Overall ad revenues for March increased 6.7 percent from the $1.76 billion reported in the like period a year ago, according to the publishing bureau. Total March ad pages fell 1.9 percent, to 20,497, from year-earlier levels. March marked the 10th consecutive monthly decline in ad pages, although the pace has slowed.

Stewart said large general interest publications would continue to see a shakeout, pointing to the sudden departure on April 13 of Suzanne Grimes, publisher of Conde Nast’s Glamour for the past four years. Glamour plucked Bill Wackermann, publisher of Fairchild Publications’ Details, as her replacement.

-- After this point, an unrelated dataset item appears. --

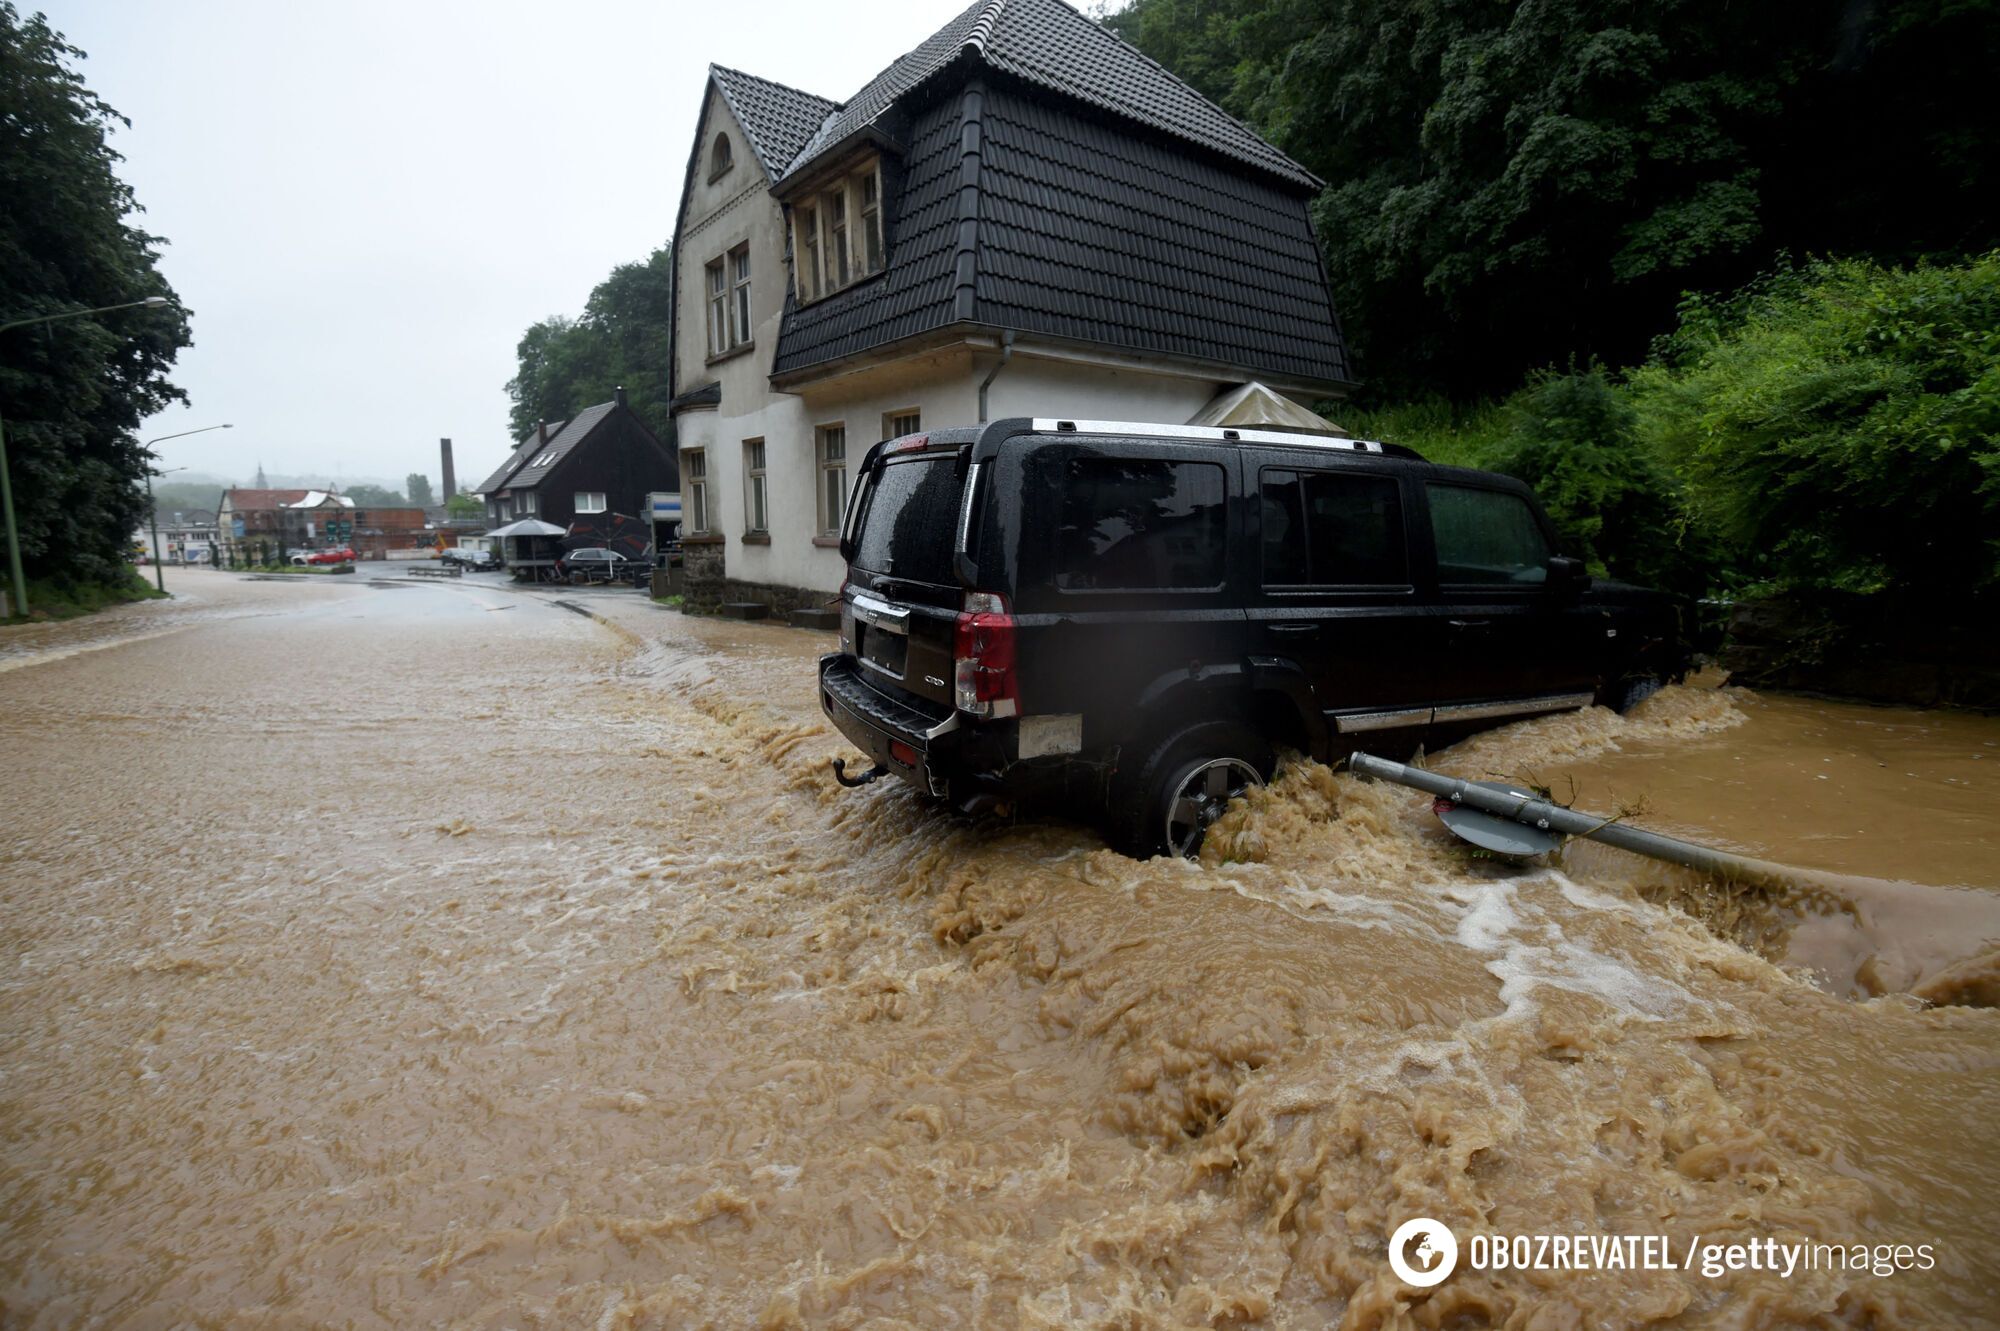 В Германии после масштабного наводнения погибли люди, много пропало без вести. Фото и видео

In March, the Publishers Information Bureau reported that Glamour had a 22.3 percent drop in ad pages over last year, while revenue fell 14.1 percent during the same period. Glamour’s circulation is about 2.2 million.

By contrast, Joe Landry, publisher of both Out and The Advocate, said advertising booked for the June issue of Out will make that edition its biggest issue ever. The monthly publication is reporting a 52 percent increase in its June ad pages over the year earlier.

“Advertisers are increasingly understanding the value of this market, and they are getting more comfortable advertising as society changes its view of gays,” he said.

Adding readers

Out, purchased four years ago by Los Angeles-based LPI Media, had paid circulation through Dec. 31 of 116,700, modestly higher than the year earlier. The Advocate had paid circulation of 107,600 last year, up from 106,000 in 2002. All figures are unaudited.

The same encouraging outlook is true for the luxury lifestyle magazine Robb Report, whose parent is Malibu-based CurtCo Robb Media LLC.

It reported March revenue growth of 29.5 percent over last year. Ad pages grew 23.9 percent to 85.50 pages in March compared with last year, according to the Publishers Information Bureau.

In the first four months, Robb Report sold 334 ad pages, up 8 percent over the like period a year ago. “We have not experienced a slump in our business,” said James Dimonekas, vice president and associate publisher of Robb Report. “Our reader is very much about quality and value, not about price.”

The success of niche magazines has emboldened new ventures as well. Tribune Co., owner of the L.A. Times, late last year rolled out Distinction, a controlled circulation magazine targeting high net-worth Angelenos. (The publication has stumbled, however, going through two editors and a redesign in its first six months.)